It’s Official: The GOP Is Not A Working-Class Party
HuffPost
The outcome of this bill will be a net negative for everyone except the rich — and it’s time to throw Donald Trump’s populist working-class schtick in the trash.
The passage of President Donald Trump’s massive budget bill that slashes taxes for the rich, raises them for the poor and cuts health care for millions should put to rest long-running commentary that Trump is remaking the Republican Party into a working-class party.
This is the same old agenda championed by Republicans for decades. Every GOP presidential administration has successfully enacted regressive tax cuts for the wealthiest. Trump has done that again, only this time, taxes will also go up for the poorest.
What’s different this time? Republicans finally took health care away from millions of Americans after trying and failing numerous times over the years. President Bill Clinton vetoed Newt Gingrich’s attempts to cut Medicaid in 1995. Trump just signed huge Medicaid cuts into law. Efforts to repeal or gut the Affordable Care Act failed repeatedly, until now.

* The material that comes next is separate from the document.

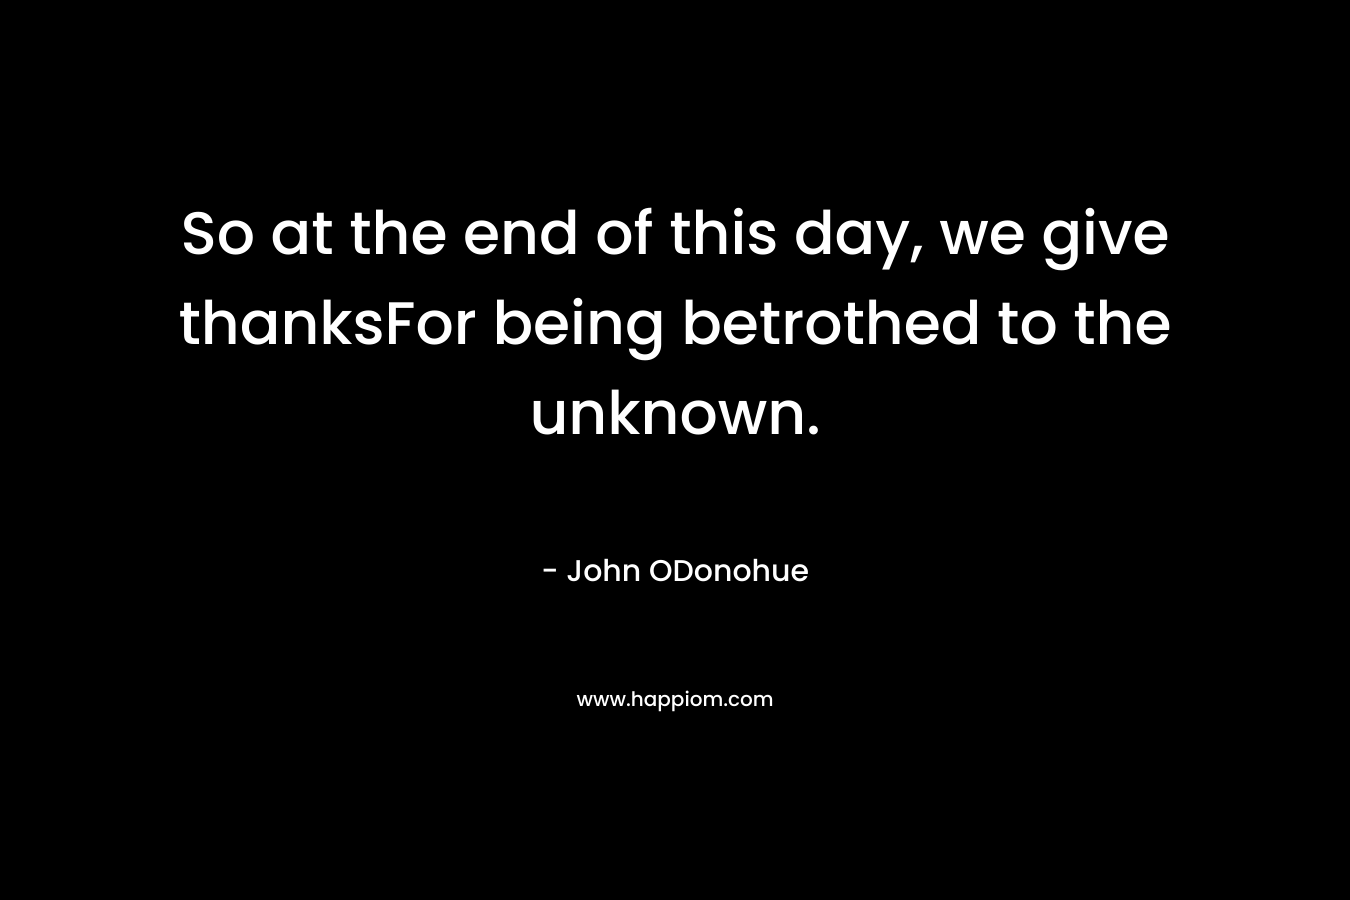 So at the end of this day, we give thanksFor being betrothed to the unknown.

This is not an agenda aimed at helping the poor, working-class people, or the middle class. It is geared toward enriching the already rich while punishing everyone else.

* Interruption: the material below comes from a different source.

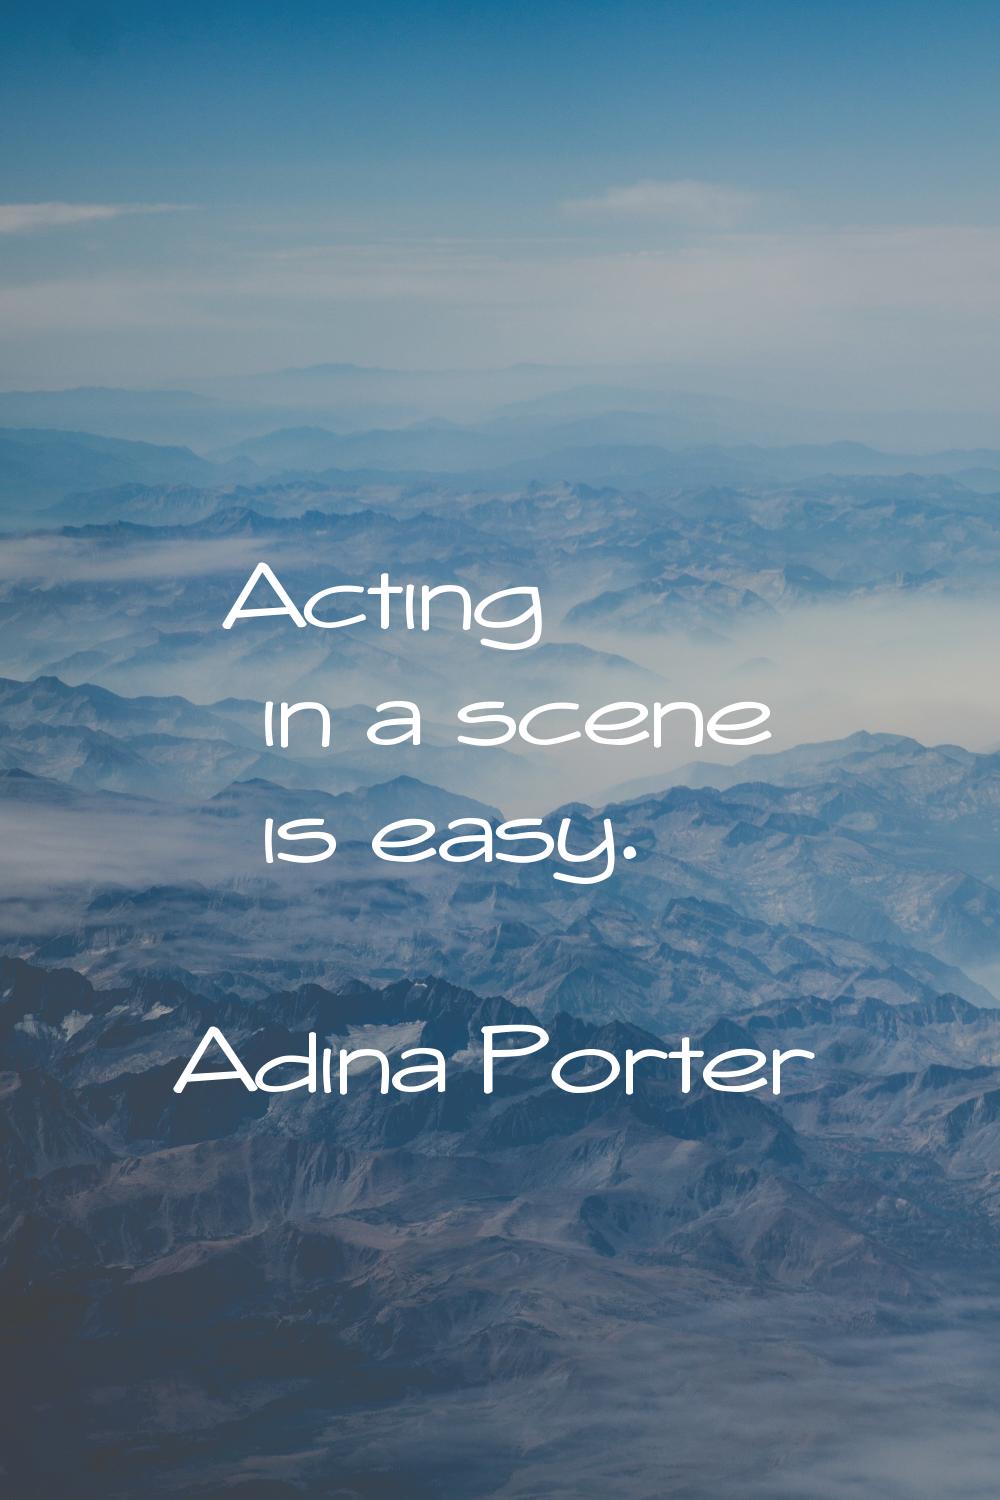 Acting in a scene is easy.

None of the supposed populist agenda items that were bandied about in public came to fruition. Cuts to Medicaid only increased after the Senate took up the bill, which Sen. Josh Hawley (R-Mo.) said he would oppose and former Trump adviser Steve Bannon openly criticized. Hawley voted for the bill. The bill did not increase tax rates for the highest earners, as numerous articles suggested Trump supported. Instead, it cut those tax rates.